◆ **Source data**:

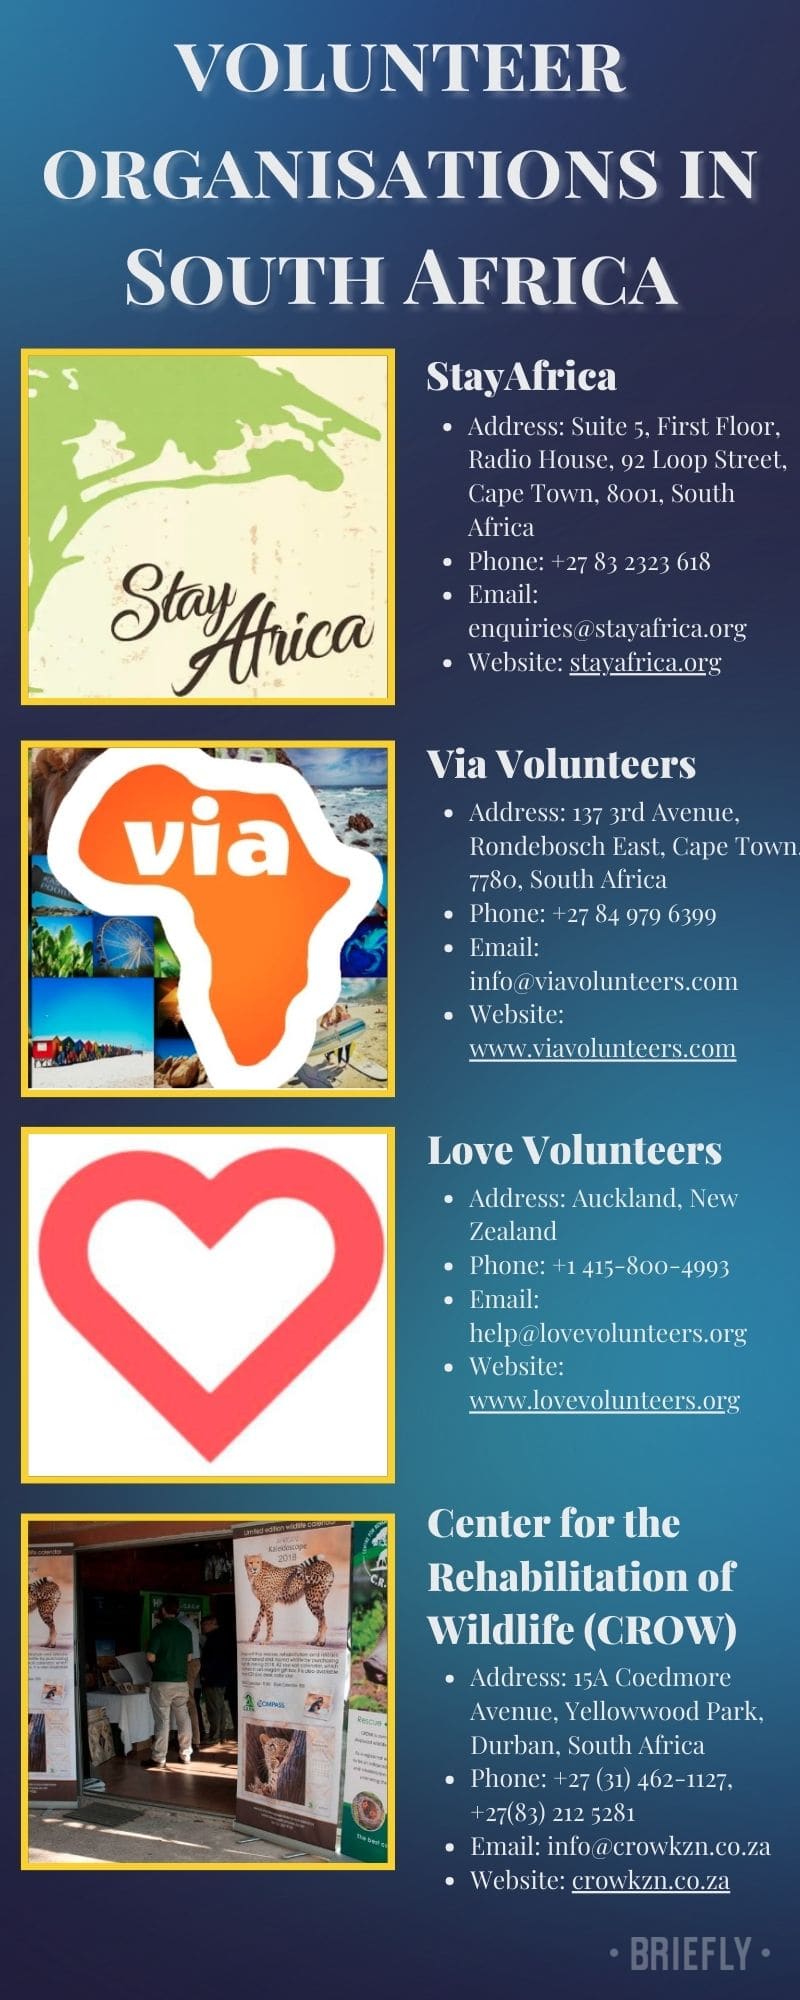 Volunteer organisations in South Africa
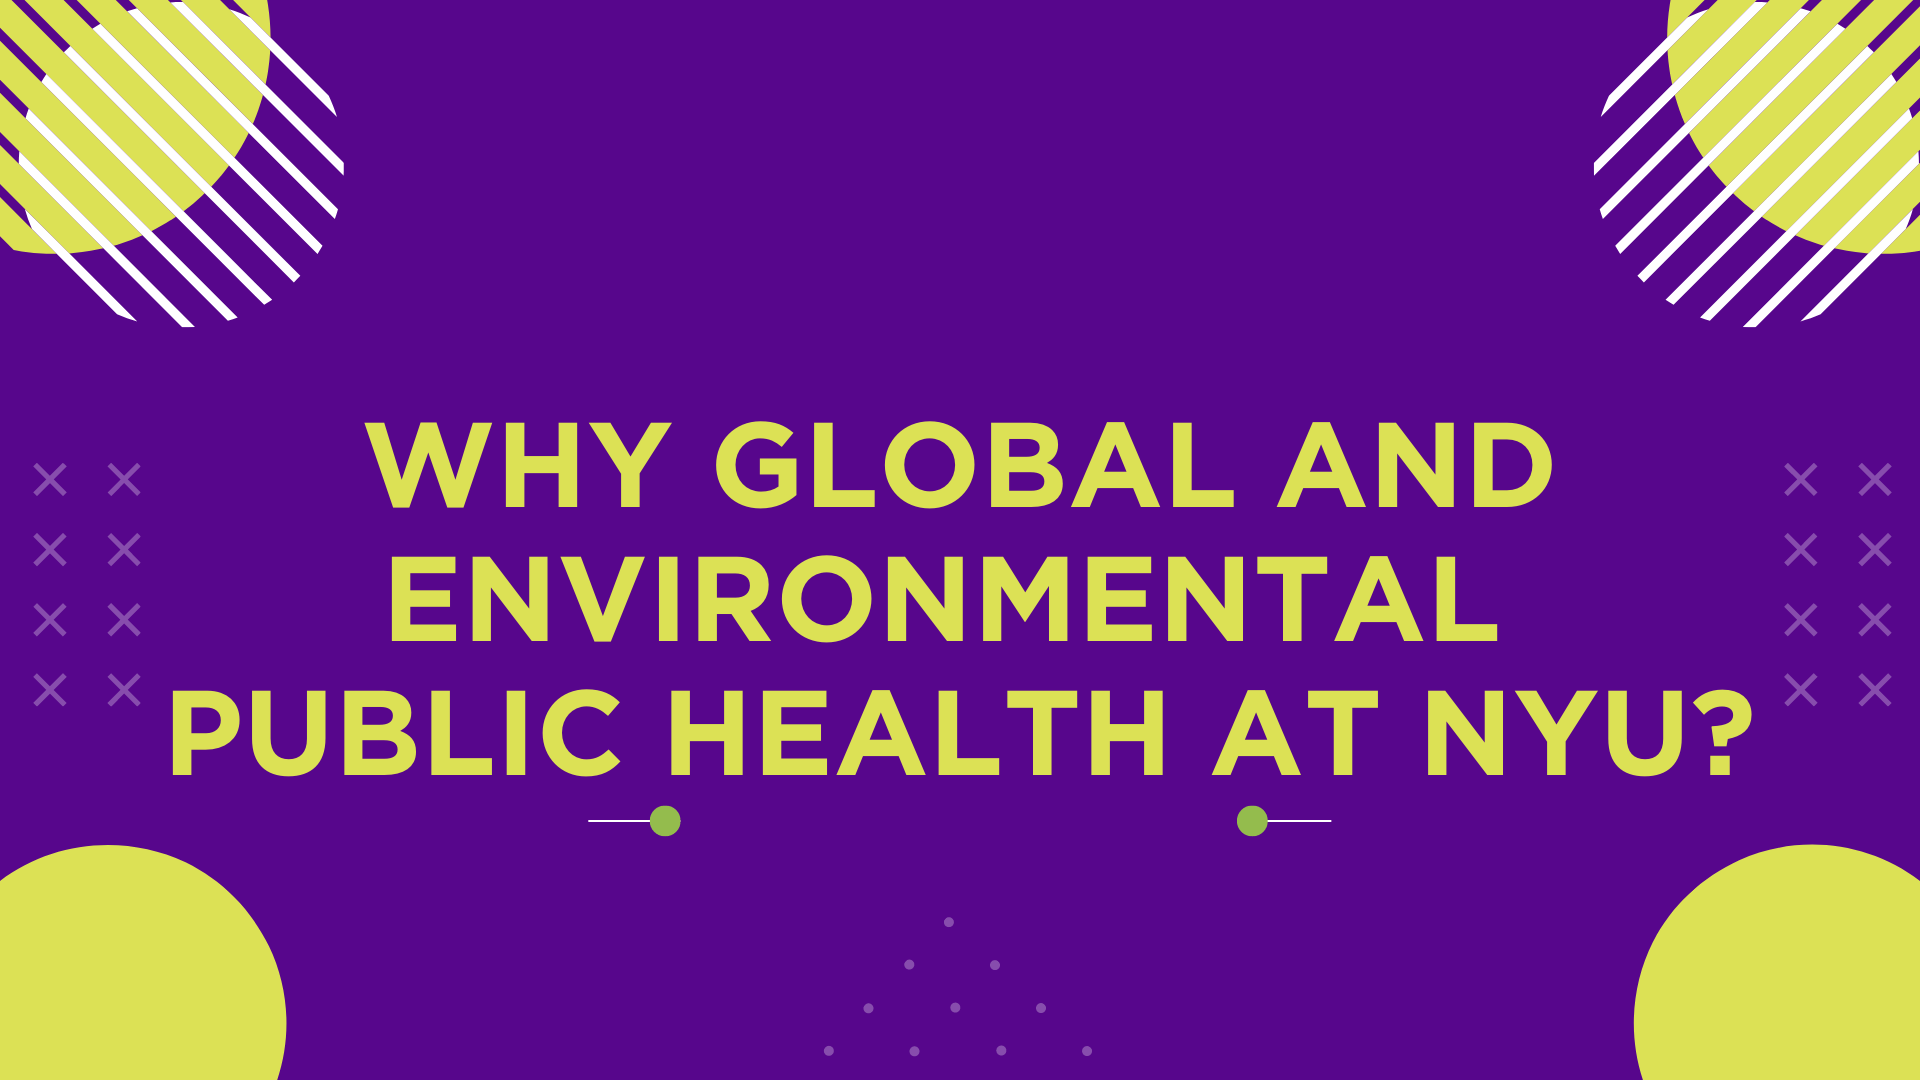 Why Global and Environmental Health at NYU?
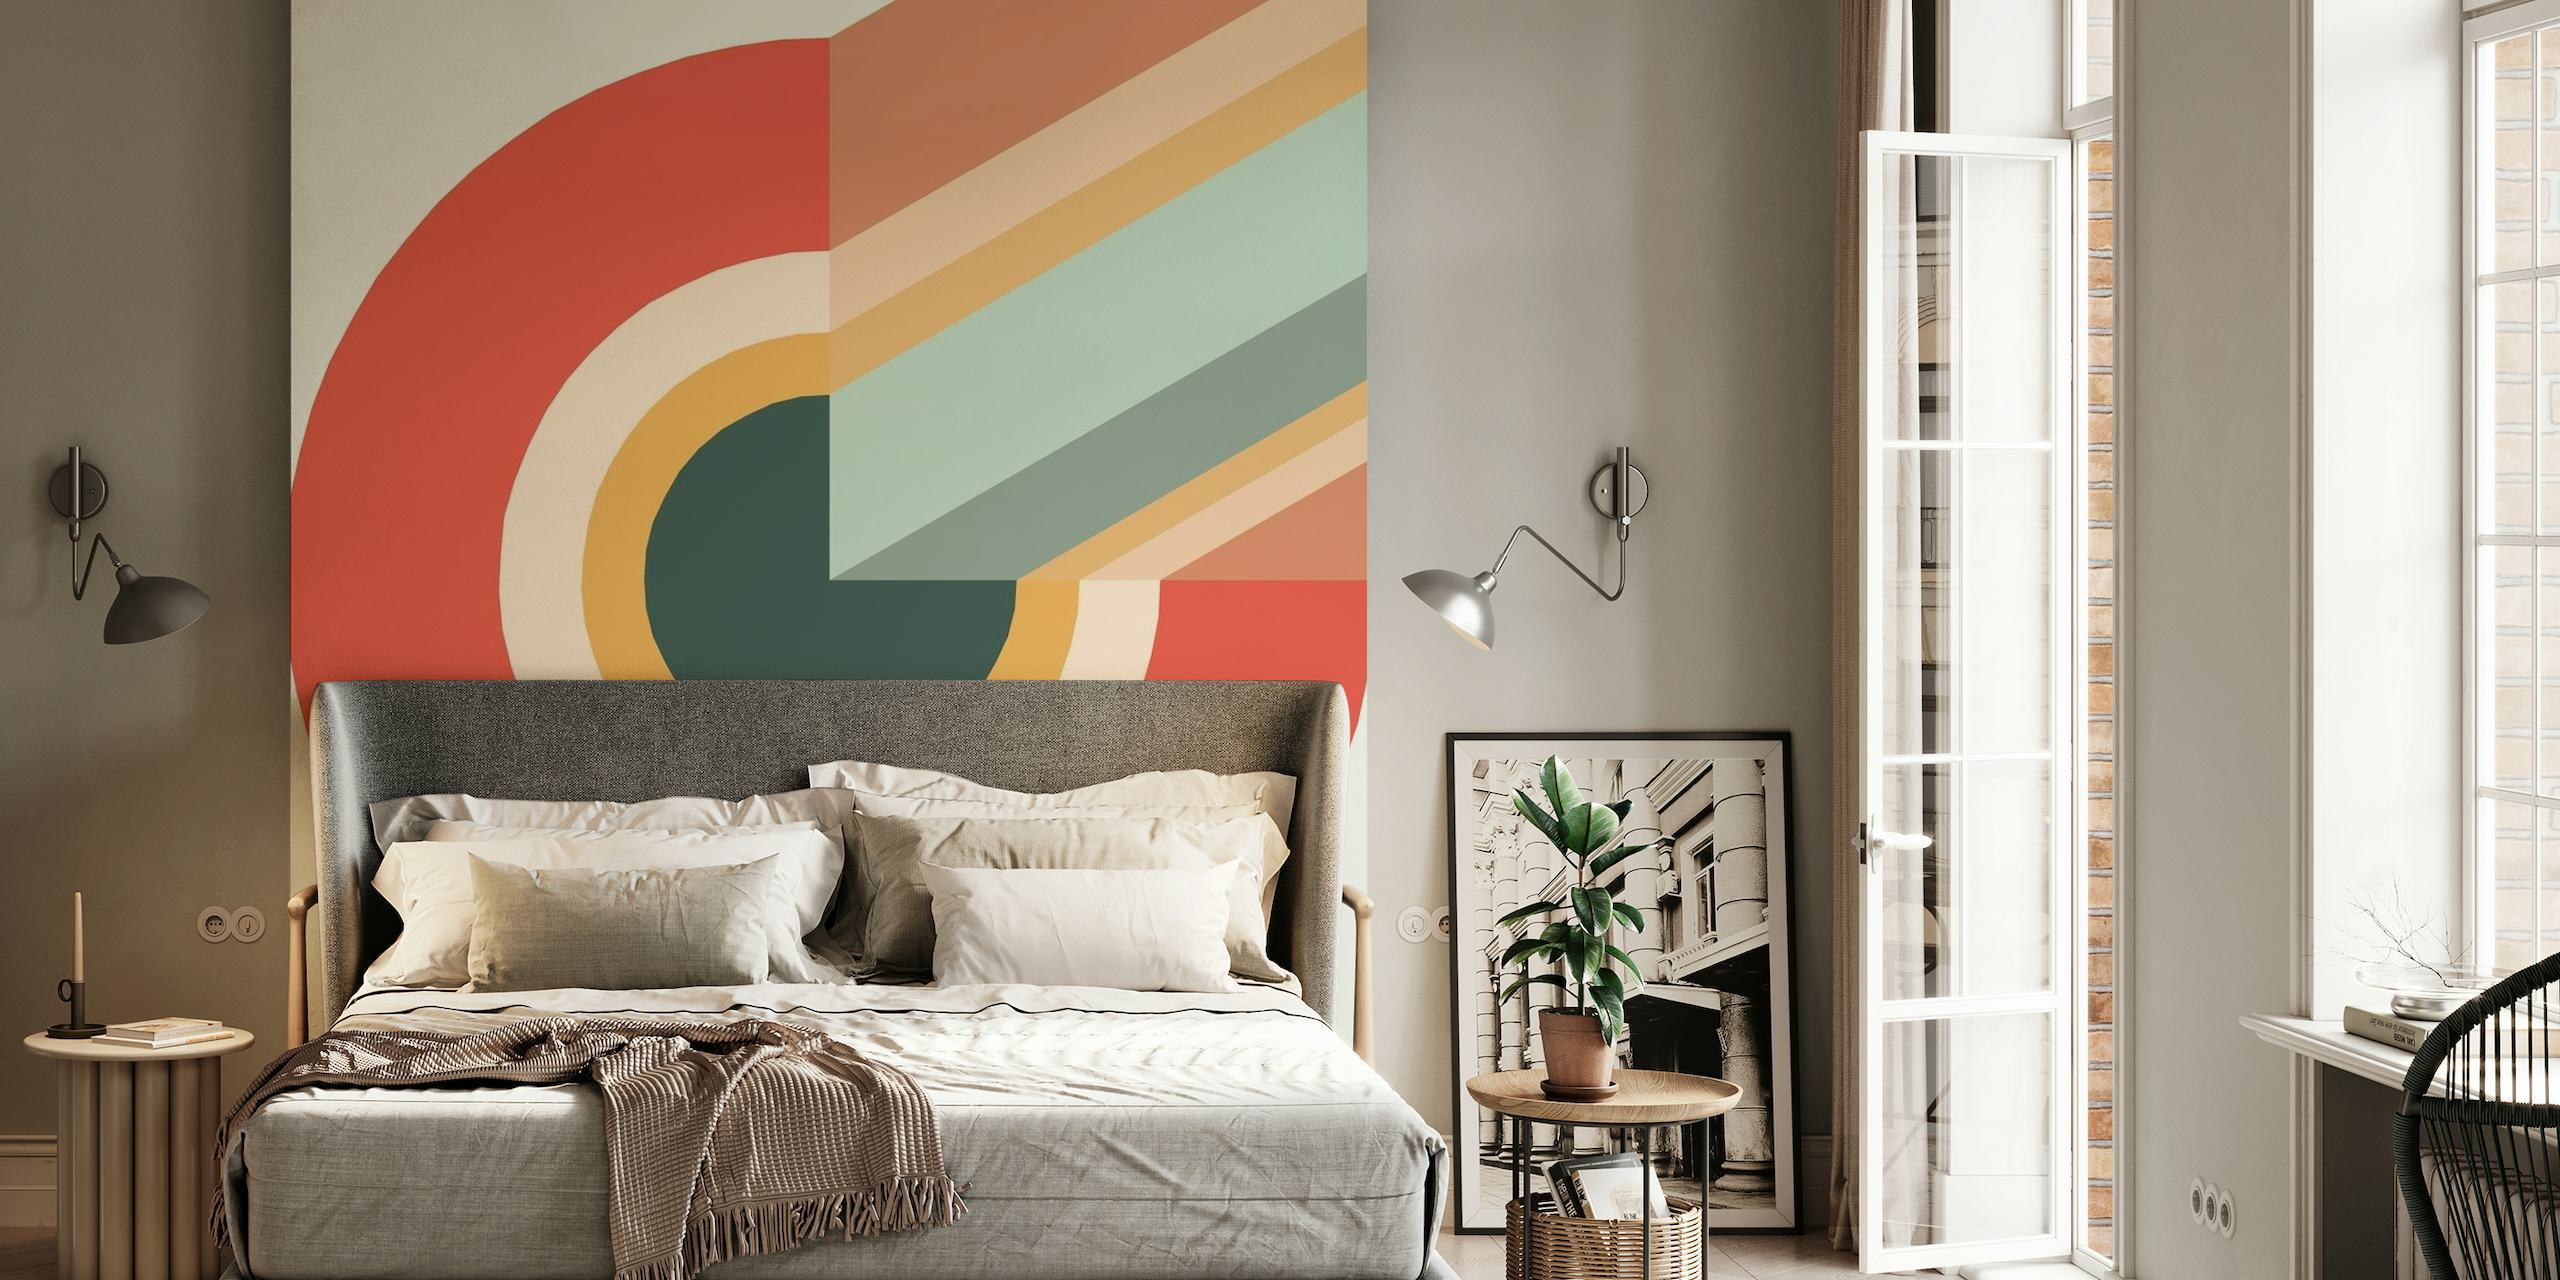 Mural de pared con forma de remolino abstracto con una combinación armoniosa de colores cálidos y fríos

◆ **Problem to solve**:
Since the pictures are not wanted, transcribe the rest of the listing above exactly.

◆ **Answer for the task**:
 Volunteer organisations in South Africa
 Why Global and Environmental Health at NYU?
 Mural de pared con forma de remolino abstracto con una combinación armoniosa de colores cálidos y fríos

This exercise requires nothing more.